Hi all Just browsed through the `prefect`, `dask`...
# ask-community
d
Hi all Just browsed through the
prefect
,
dask
and
ray
documentation and my head is spinning a bit... I'll be needing to run the same simulation multiple times, in parallal (embarassingly so), based on different parametrizations. I'll be doing this at our users' request, so users say go and we queue, say, 70 simulations for that user. In the meantime another user comes along, etc. The simulations will be run within a docker container, so I'm thinking to deploy to Kubernetes, with pods (and underlying nodes) scaling automatically with the number of queued jobs. So far so good. However, I have a hard time figuring out whether each single simulation should be a sub-workflow so that it can be scheduled onto pods via a Kubernetes worker pool by Prefect alone or wether a simulation should be a task, which is then scheduled by
dask
onto a distributed
dask
cluster backed by Kubernetes. At which point I'm wondering why I need prefect in the first place. So I guess my general questions is - excuse the maybe a bit confrontational wording - what benefit does prefect provide over plain
dask
, e.g.? Thanks a bunch!
n
hi @Damian Birchler - in short, dask helps you do stuff in parallel, prefect helps you do stuff robustly (retries, caching etc) on whatever infra (deployments) you want, in a way you can observe (UI) I would suggest a change to the premise of this question
what benefit does prefect provide over plain
dask
since they aren't meant to serve the same purpose. for example, we have a
prefect-dask
integration if you want to do a bunch of tasks in parallel
Copy code
#[1]
from prefect import flow, task

#[2]
from prefect_dask import DaskTaskRunner

#[3]
@task
def one_simulation(x):...

#[4]
@flow(task_runner=DaskTaskRunner())
def many_simulations(n: int):
    one_simulation.map(range(n)).result()
does that help?
d
Yes, that helps, thanks...I did check out
dask
a bit, too, and they did have a simliar (or so I thought) interface, so that didn't help clear up my confusion.
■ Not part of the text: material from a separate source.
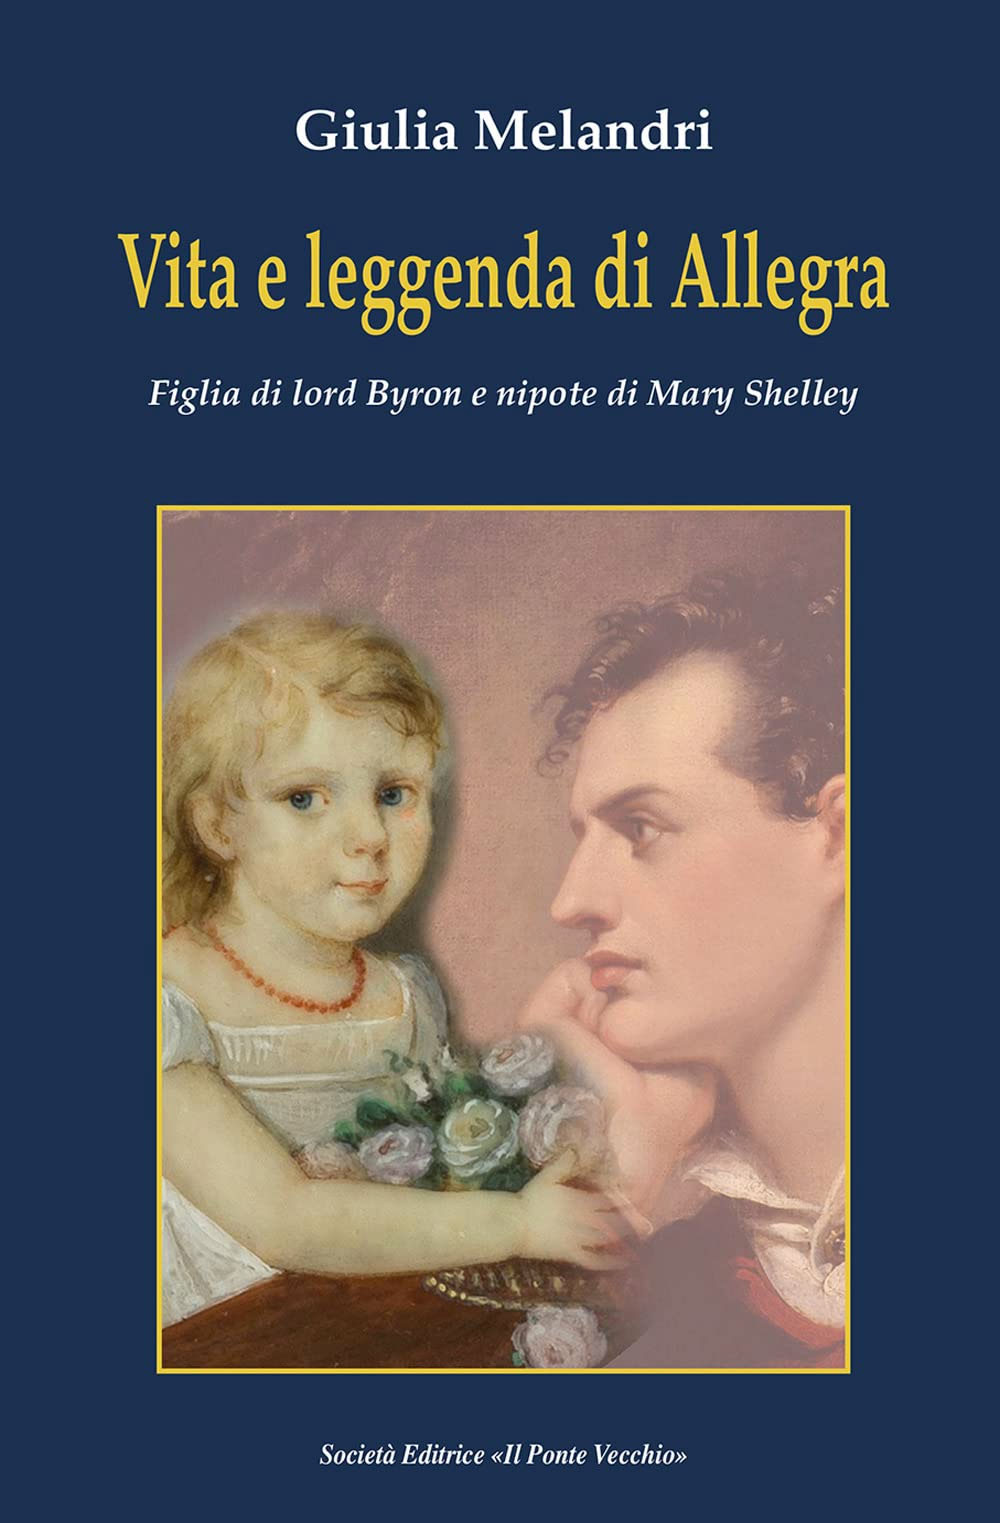 La copertina del libro di Giulia Melandri su Allegra Byron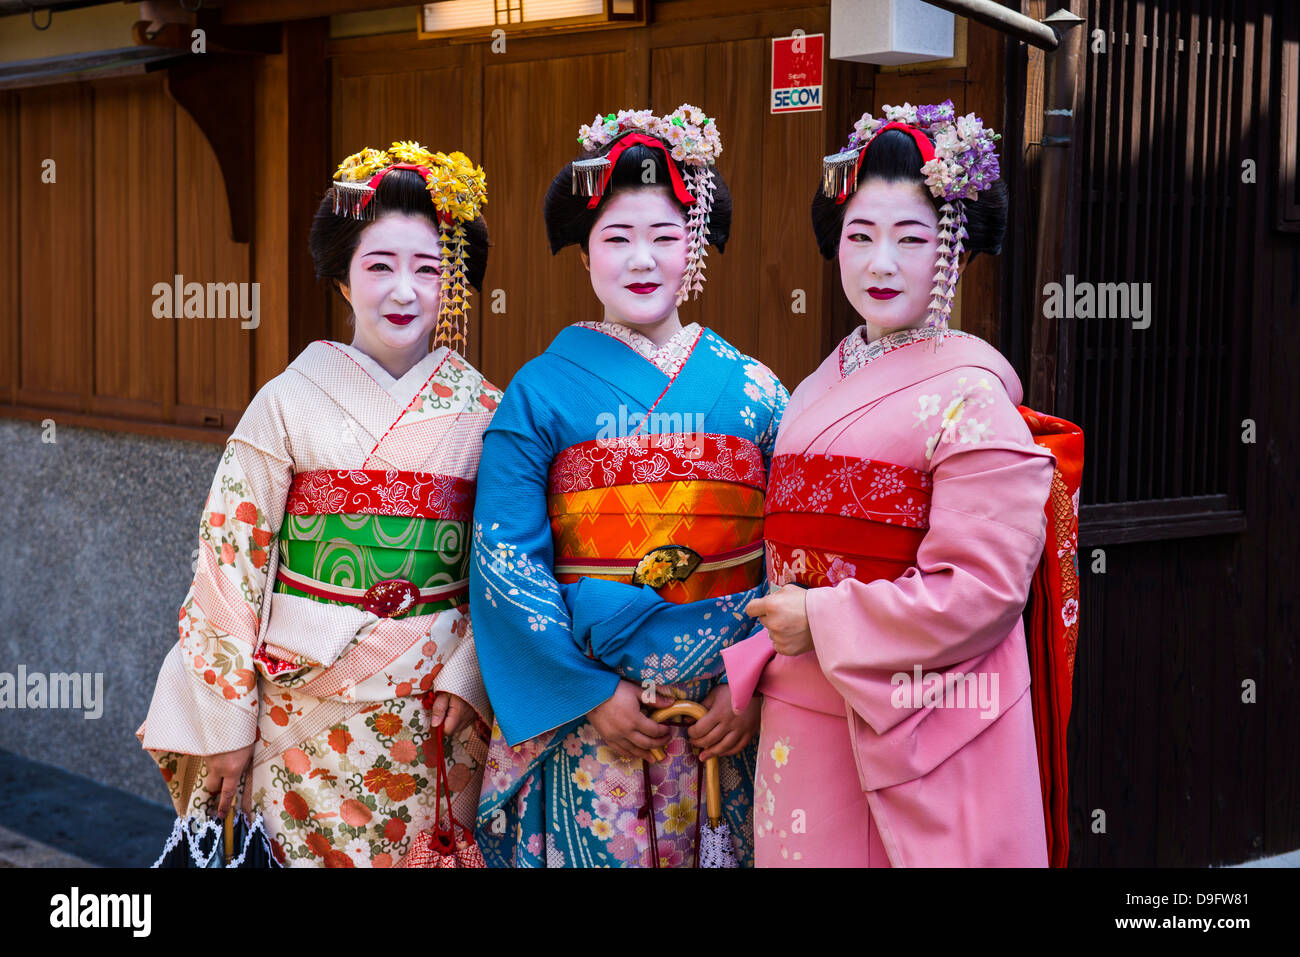 Traditionell gekleidete Geishas in der Altstadt von Kyoto, Japan Stockfoto

But, ok, robustness seems to be a main differentiator?
by interface i meant UI
n
in my experience the dask dashboard is more like a profiler whereas the prefect UI is showing you how your work connects to other work, like maybe you grab stuff from s3 and then fan it out on dask and then reduce and send data to another container for processing. the dask dashboard just knows about your dask nodes/workers. but yeah to reiterate > But, ok, robustness seems to be a main differentiator? prefect and dask are not generally meant to serve the same purpose
d
i see...I still need to do a bit more reasearch on what the different purposes are, or rather, which server my purpose better. 🙂
n
I would say if you want to deploy a pure-python workflow in a compute provider agnostic fashion, then prefect can help! separately, if you want actual parallelism within that workflow, dask can help! reading your original message, the thing that I'd want to know is
The simulations will be run within a docker container, so I'm thinking to deploy to Kubernetes
would each simulation be in its own container? or can you run many in one container? either way this sounds like a pretty typical prefect workload (I think you're in the right place!) it just would just be a core design question with your workflow here's a couple resources in case they're helpful • getting started w prefect series • an example which sounds roughly similar to what you might end up with (define 2 deployments, one for handling a single simulation and one for batching inputs and dispatching that other deployment N times, so that each deployment's infra like k8s or docker etc can be configured independently)
d
Both would be possible. However, many simulations in one container would require a bit more bookkeeping on my part (or so I figured), so I thought I'd go with one per container/subflow(/task?) and let Prefect (/`dask`) take care of bookkeeping for me.